Besides the unbridled obsession with mothers that chocolate milk advertisements seem to have, what this response advertisement also addresses is the manipulative way the commercials portray chocolate milk as a wholesome treat for growing kids. Today, advertisements like the TruMoo one included in this post boast vitamins, minerals, and other dietary bonuses. Like Rowntree’s adverts from almost a century ago, TruMoo and other chocolate milk advertisers appeal to moms’ concern for the health and nutrition of her family. It is an effective marketing ploy, but duplicitous, indeed: a glass of chocolate milk can have more sugar than a can of soda (Martin, Lecture 9, Slide 23).
It also is an old technique of chocolate companies. Rowntree cocoa sold itself to mothers as “more bone and muscle-building than ordinary cocoa” (Robertson, 21). The company aimed to sell to mothers in this manipulative way, deciding that women were the “purchasing agent” they had to win over by tapping into their desires to nurture their families and husbands (Robertson, 20). This sounds cringy and sexist, but what TruMoo and other chocolate milk sellers are campaigning with the “health benefits” in their own products, combined with the supermarket-mom scene is not far at all from Rowntree’s manipulative principles. My advertisement counteracts this message by selling the chocolate as a fun and special occasion treat, which is still enjoyable, instead of as a nutritional form of sustenance, which sugary chocolate cannot be when eaten in access.

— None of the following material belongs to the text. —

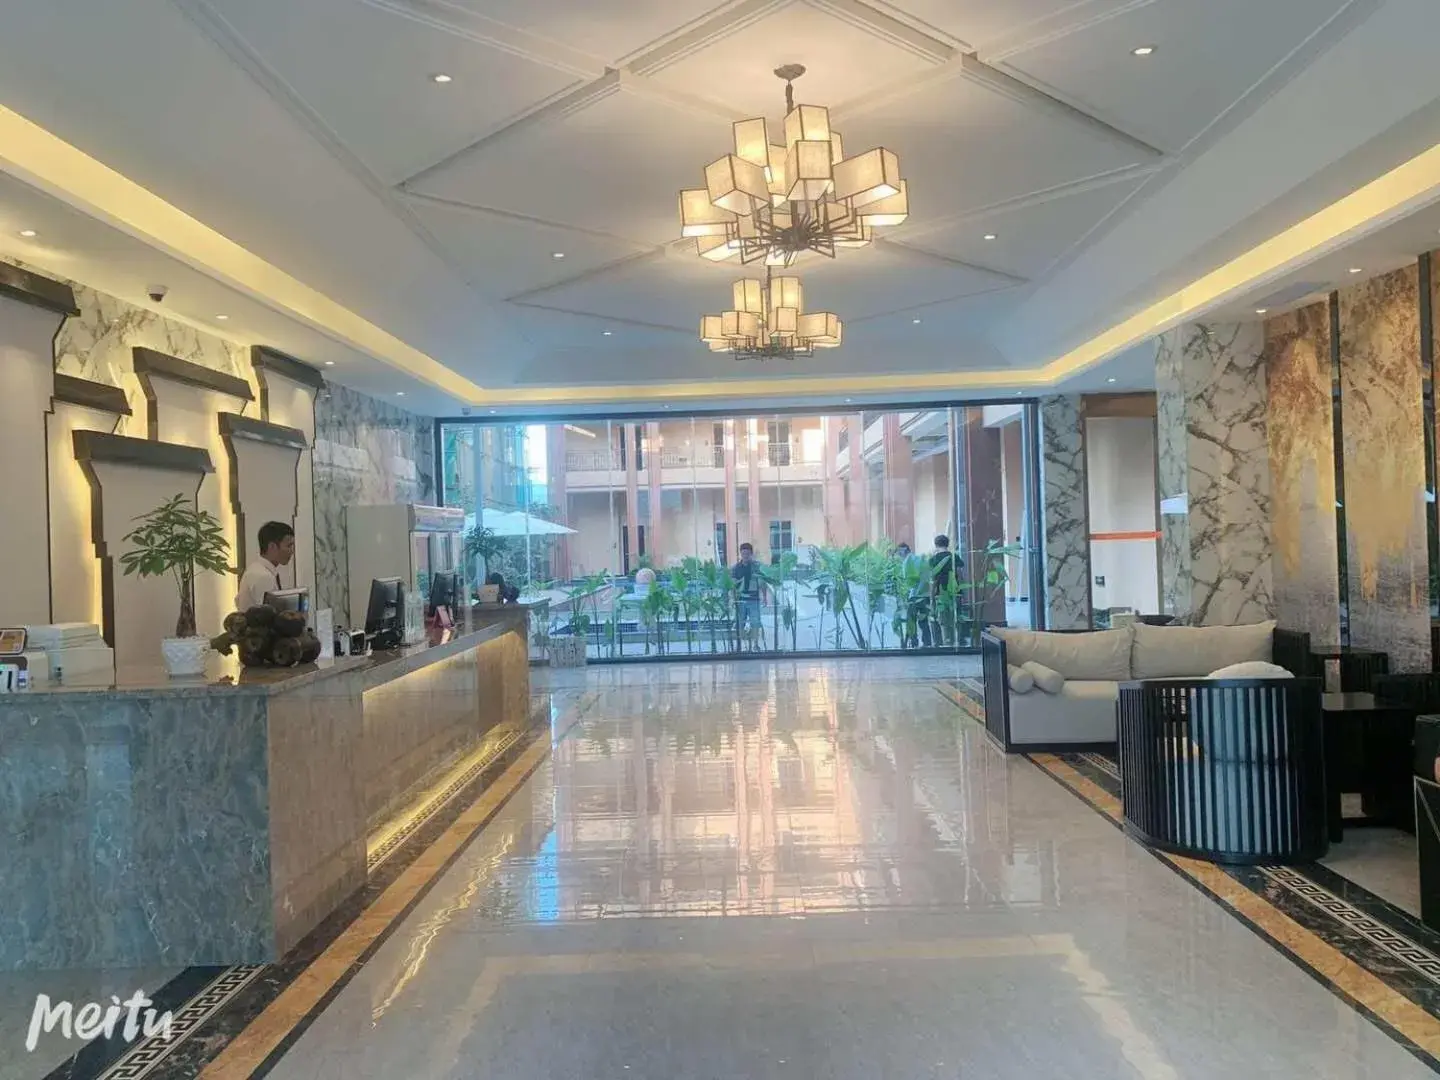 Lobby or reception, Lobby/Reception in Le Chen Miiya Hotel

One way these gendered advertisements are being changed, but not necessarily for the good, is through Hershey’s recent advertisement which includes a father and his daughter enjoying chocolate together. While this advertisement is a shift from chocolate marketing normally aimed toward women and children, and instead toward men (specifically dads!) and their kids, it still does so in a way that shows dad, who is absorbed in Skype conference calls and too busy to leave work to spend time with his eager daugher, as the breadwinner. The man in this commercial never leaves his house to grocery shop for Hershey’s, and instead his daughter purchases chocolate for the two to share. While this advertisement refrains from the traditional chocolate advertisement portrayal of women as the housewives and domestic gurus, its storyline with a father still casts the man as the working parent. He is completely uninvolved in the nutritional and health concerns for his daughter in his role as her parent, like a mother in so many chocolate commercials might.

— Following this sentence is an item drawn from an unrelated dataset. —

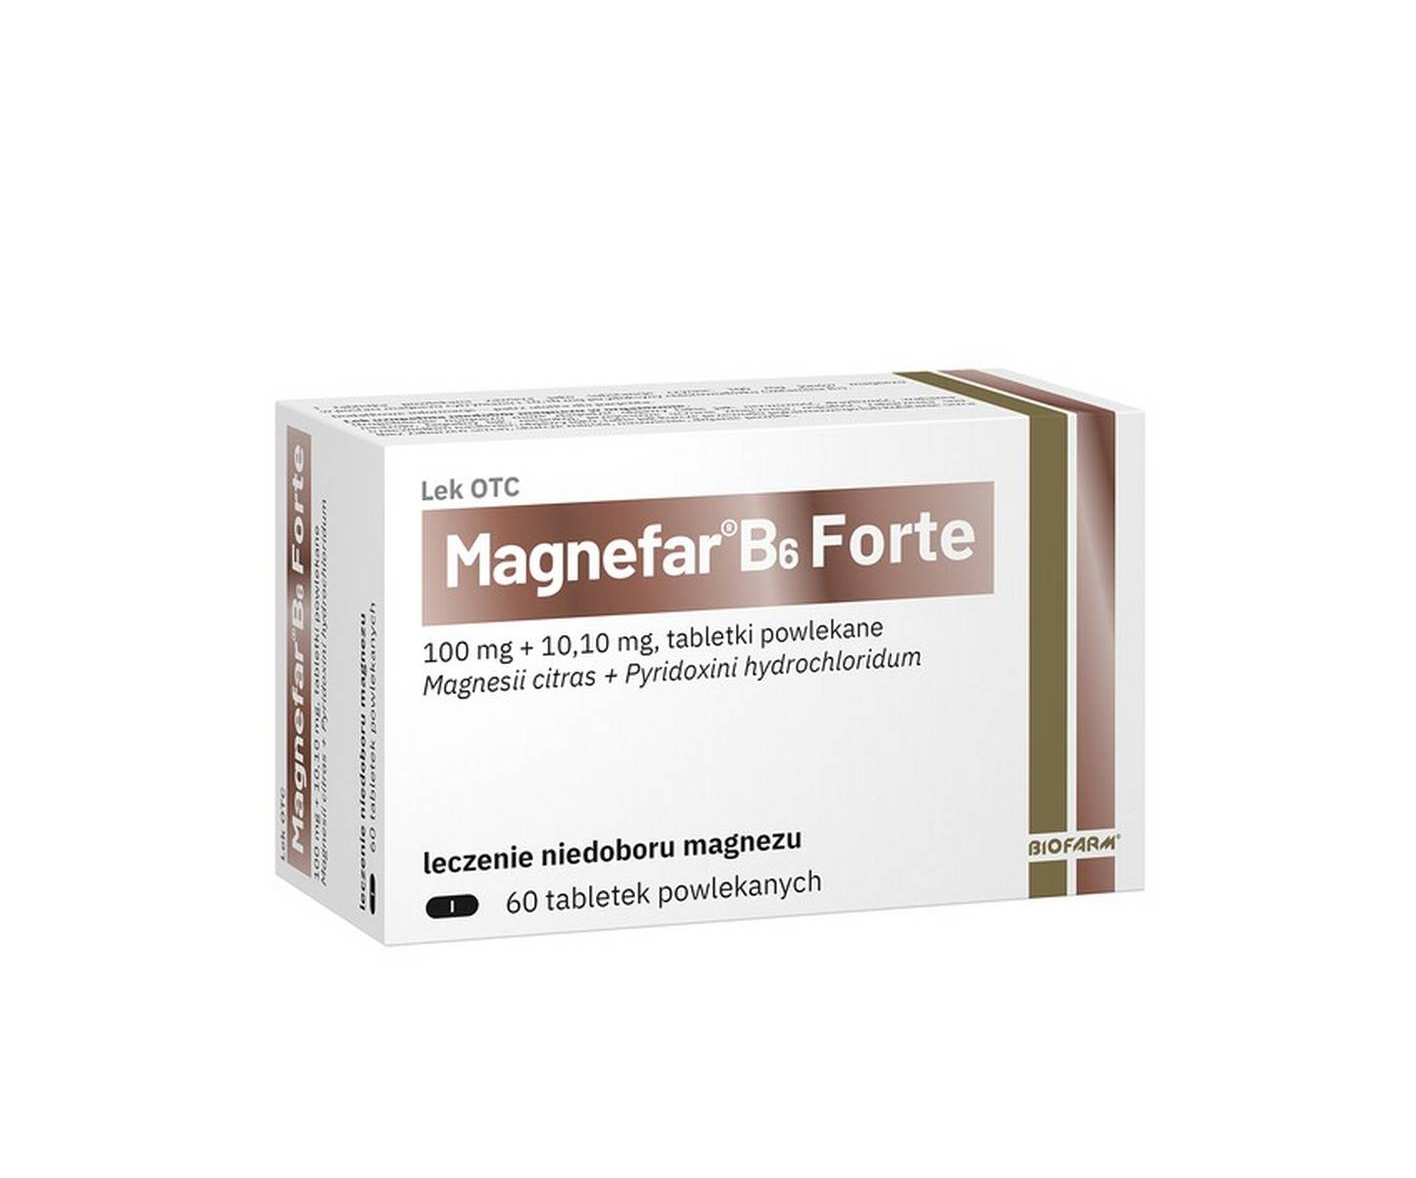 Biofarm, Magnefar B6 Forte, suplement diety, 60 tabletek

In an age where the awareness of these advertising messages and the roles in which women are portrayed are scrutinized and considered more than in Rowntree’s advertising days, it is still a shame to think of the sexist ideologies in chocolate commercials like TruMoo’s and Hershey’s. And while the examples of women fetishized in housewife roles and men as breadwinners is less conspicuous, it is absolutely prevalent and problematic.